Inside the first storage chamber 2A, there is a disk-shaped outer peripheral portion which is in contact with the partition wall portion 22 and the inner periphery of the first storage chamber 2A. A valve member 4 is rotatably provided. As shown in FIG. 7, the valve member 4 is provided with a pair of valve pieces 4c and 4d facing one side at an interval of 180 degrees. A pair of first fluid passages 7a and 7b are formed between the valve pieces 4c and 4d in the form of a groove that does not penetrate the surface portion 4b to the rear surface side and has an arc shape with the second bearing hole 4a sandwiched in the surface portion 4b. is provided in These first fluid passages 7a, 7b begin at their respective leading ends 7c, 7d at the base of each valve segment 4c, 4d and terminate in tapered terminal ends 7e, 7f in the middle of the face portion 4b. there is

As shown particularly in FIGS. 3 and 6, the first rotary shaft 6 includes a deformed mounting shaft portion 6a on one end side thereof, a shaft support portion 6b provided following the deformed mounting shaft portion 6a, A large-diameter portion 6c provided following the shaft support portion 6b, a flange portion 6d provided following the large-diameter portion 6c, and a medium-diameter portion 6e following the flange portion 6d and having a smaller diameter than the flange portion 6d. A pair of valve members 6g and 6h protruding radially from the intermediate diameter portion 6e at intervals of 180 degrees, and a substantially elliptical cross section from the end surface of the intermediate diameter portion 6e toward the axial center thereof. has a deformed connecting hole 6i. The first rotating shaft 6 inserts the valve members 6g and 6h between the valve pieces 4c and 4d, and presses the end surface of the middle diameter portion 6e against the surface portion 4b of the valve member 4. As shown in FIG. 2, except for the portion of the deformable shaft portion 6a for attachment, it is rotatably accommodated in the first accommodation chamber 2A in a watertight state as will be described later.

As shown particularly in FIGS. 3 and 9, the second rotating shaft 8 includes a deformed connecting shaft portion 8a inserted into and engaged with a deformed connecting hole 6i provided in the first rotating shaft 6, and the deformed connecting shaft portion 8a.
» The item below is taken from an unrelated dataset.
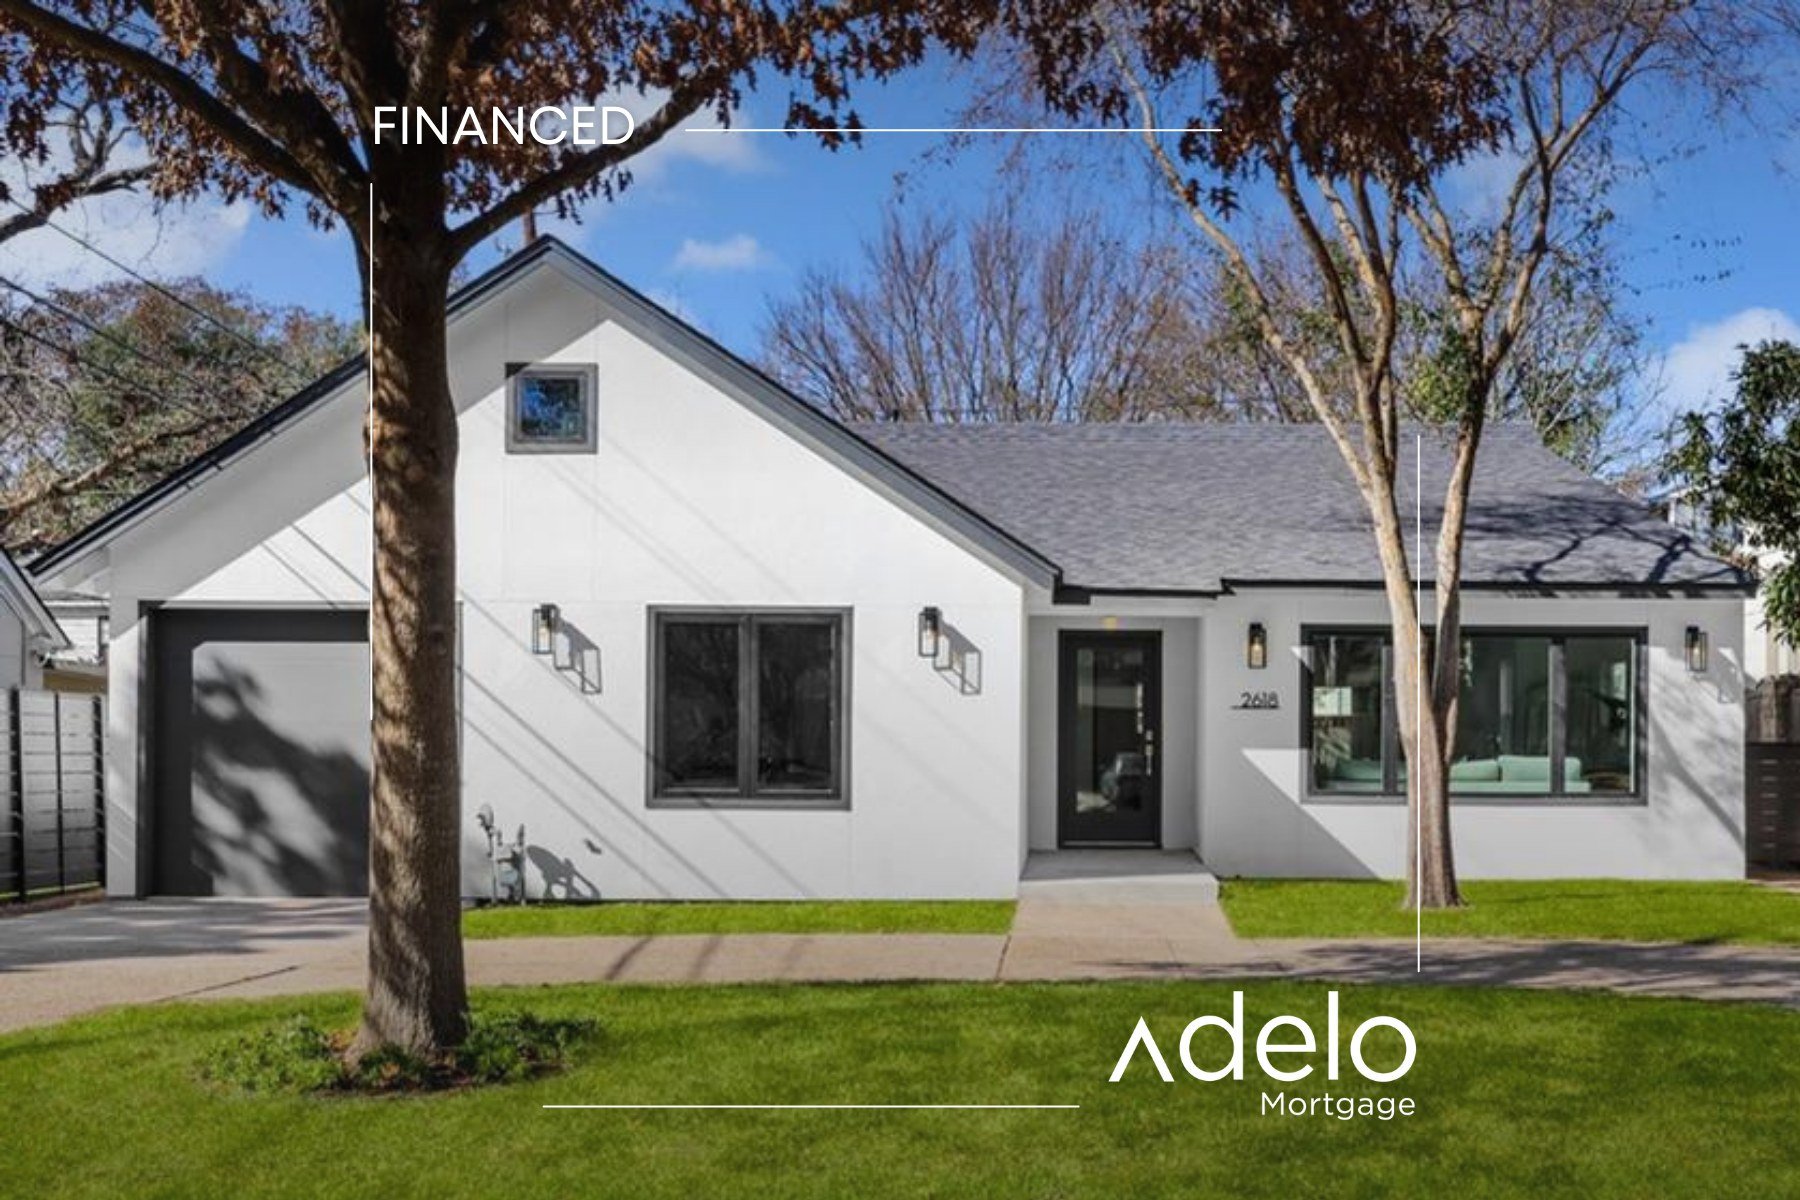 Financed by Adelo Mortgage

A first shaft supporting portion 8b provided following the first shaft supporting portion 8b, a large diameter portion 8c provided following the first shaft supporting portion 8b, and a large diameter portion 8c provided following the large diameter portion 8c. As will be described later, it is rotatably accommodated in a watertight state together with the first rotary shaft 6 in the second accommodation chamber 2B. Further, a plurality of recesses 8e are radially formed on the outer periphery of the large diameter portion 8c, and a locking groove 8f is provided radially through the second shaft support portion 8d.

Further, the first mounting hole portion 2a provided on one of the open ends of the cylinder case 2 is provided with third bearing holes 25a in the axial direction of the axis, and the mounting holes are provided on the outer circumference toward the center at 180 degree intervals. A first cap 25 provided with 25b, 25b is inserted and attached by spring pins 28a, 28a press-fitted into the mounting holes 25b, 25b from the first fixing holes 2c, 2c, and the other side of the cylinder case 2 is opened. As shown in FIG. 11, the second mounting hole portion 2b provided at the end is provided with a bearing hole portion 26a that does not penetrate inside the axial center portion, and mounting holes 26b, 26b are formed at intervals of 180 degrees on the outer periphery. The provided second cap 26 is inserted and attached by spring pins 28b, 28b press-fitted into the first attachment hole portions 26b, 26b from the second fixing holes 2d, 2d.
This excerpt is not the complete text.